Nonetheless, some of Trump’s allies said floating health-care ideas is a smart move by the president.
Sen. Lindsey O. Graham (R-S.C.), who regularly meets and golfs with the president, said the health-care plan that Trump has referred to would come in the form of an executive order that Graham called “fairly comprehensive.” However broad, an executive order would fall short of a full legislative overhaul.
Graham said what Trump has in mind now would ensure that consumers do not risk losing their health plans if they get sick, but he did not give details.
“He’s pretty excited about it,” Graham said of the president. The ACA’s consumer protections for people with preexisting medical conditions is one its most popular facets with the public, and it is the one part of the law Trump consistently says he would preserve if he could get rid of the rest. How he could do that while containing costs after he and congressional Republicans remove the law’s requirement that everyone has to purchase health insurance remains the question.
Graham said it is politically astute for the White House to present an alternative to Democratic proposals close to the election, including the idea of
Joe Biden, the party’s presumptive nominee, to build on the ACA so that more people could get coverage.
Still, senior
Republican aides on Capitol Hill who are steeped in health care said they had little knowledge of any White House planning for a comprehensive replacement of the ACA.
The White House did not offer details or parse the president’s terminology, which has included saying that the forthcoming plan would be a bill. That implied legislation rather than an executive order.
“President Trump continues to act in delivering better and cheaper health care, protecting Americans with preexisting conditions, lowering prescription drug costs, and defending the right of Americans to keep their doctors and plans of their choice,” White House press secretary Kayleigh McEnany said in a statement to The Washington Post.
McEnany pointed out that Trump issued four executive orders in late July intended to lower prescription drug prices. “There will be more action to come in the coming weeks,” she said without identifying any.
On Capitol Hill, the president’s promises of health plans and legal efforts by the administration to scrap the ACA have created dilemmas for some Republicans.
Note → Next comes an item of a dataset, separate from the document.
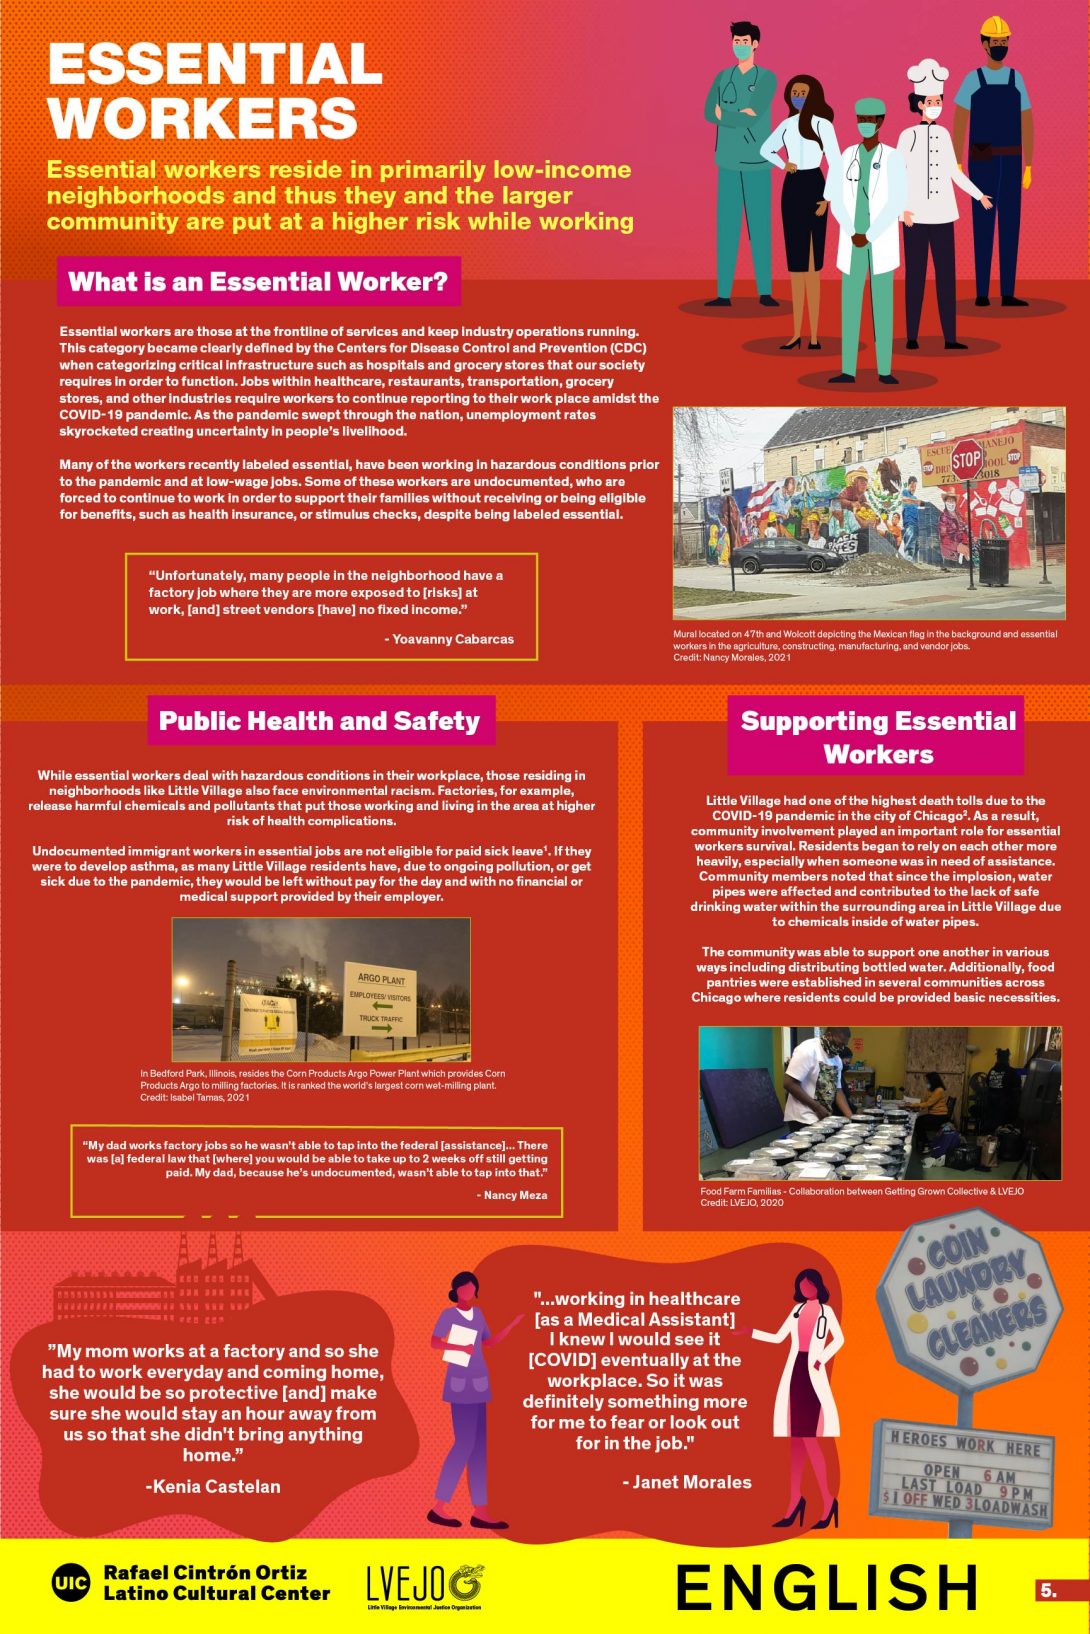 Header image of the second infographic includes workers who are considered essential

Of the GOP senators facing competitive races this fall, only Susan Collins (Maine) has said that she opposes the Justice Department’s decision to back an effort to gut the law in the courts. Other
Republicans have struggled to answer directly, walking a tightrope between embracing a position that would go against popular provisions in the health-care law and risking the wrath of conservatives who want Obamacare repealed.
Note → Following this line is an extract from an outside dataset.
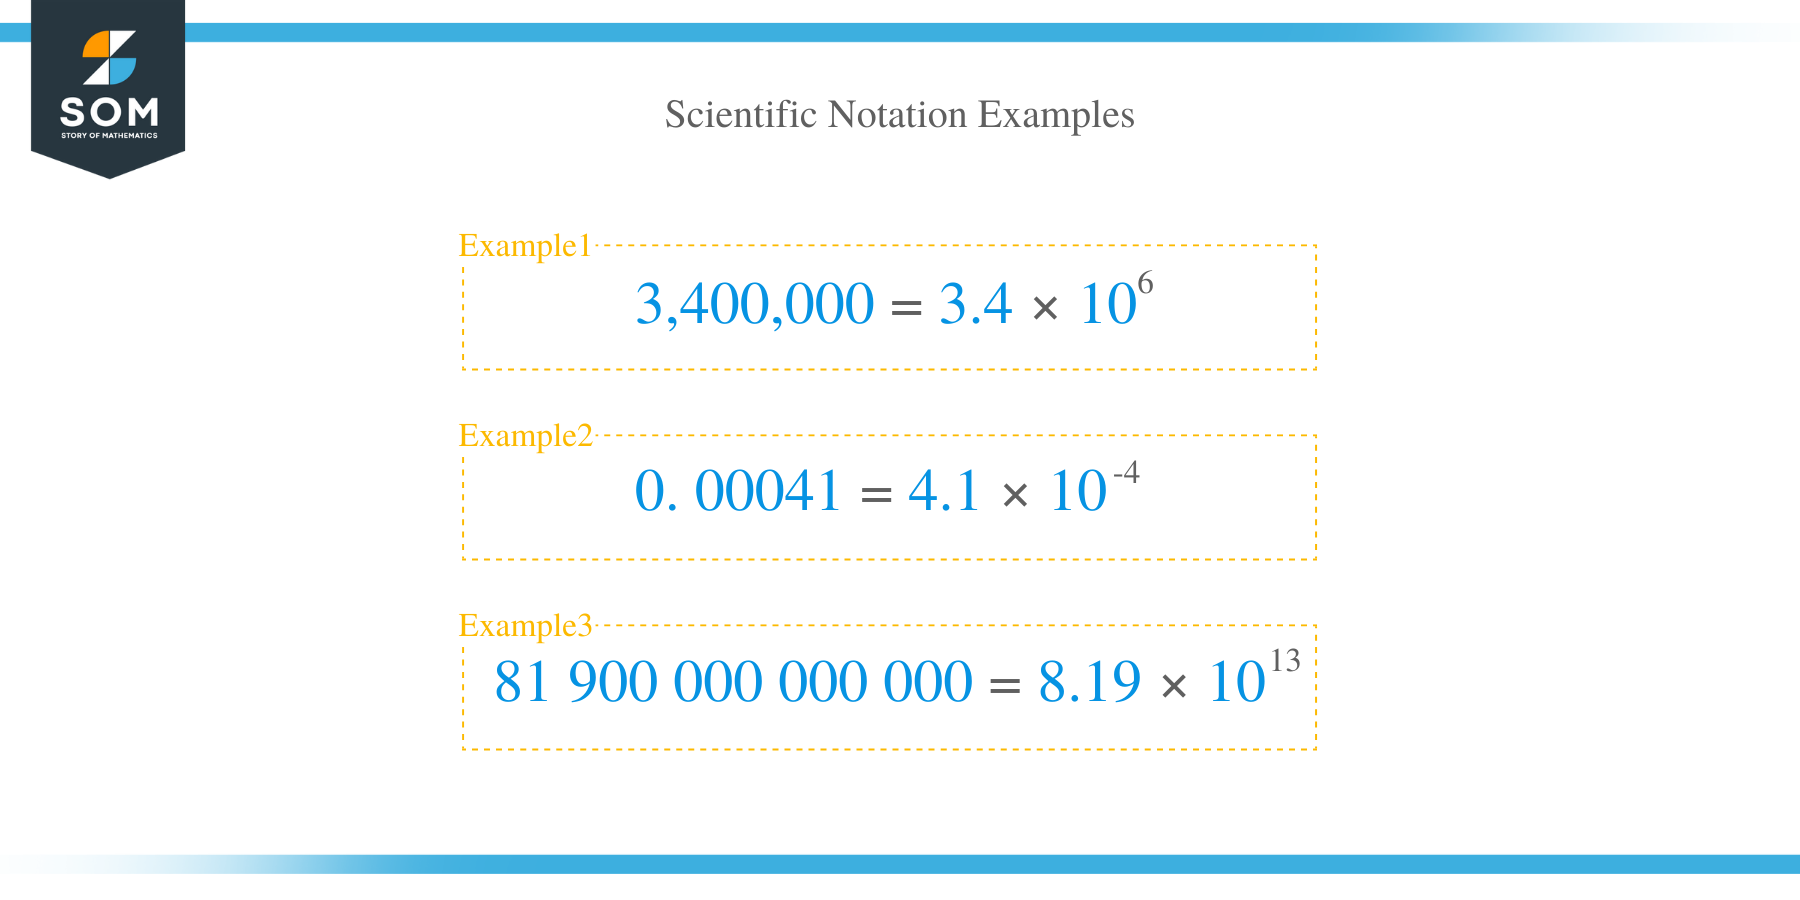 How to Convert to Scientific Notation?

And the pandemic has also only sharpened the relevance of health care in the eyes of voters — increasing Republican anxiety about doing anything that could limit coverage ahead of the election. Republican Sens. John Cornyn (Tex.), Dan Sullivan (Alaska), Steve Daines (Mont.) and Martha McSally (Ariz.) — all on the ballot this November — this past week drafted legislation that would provide assistance through COBRA for people who lose their employer-sponsored health care as jobs continue to vanish during the pandemic.
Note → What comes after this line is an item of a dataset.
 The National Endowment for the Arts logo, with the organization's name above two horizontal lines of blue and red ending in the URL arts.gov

“I think there’s definitely things we need to do,” Cornyn said. “But I think our focus ought to be on giving people more choices.”
The ACA — politically polarizing throughout the decade it has existed — is favored by a slim majority of Americans.
A Kaiser Family Foundation survey in July found that 51 percent support the law while 36 percent oppose it. A Fox News survey in June showed 56 percent support and 38 percent opposition.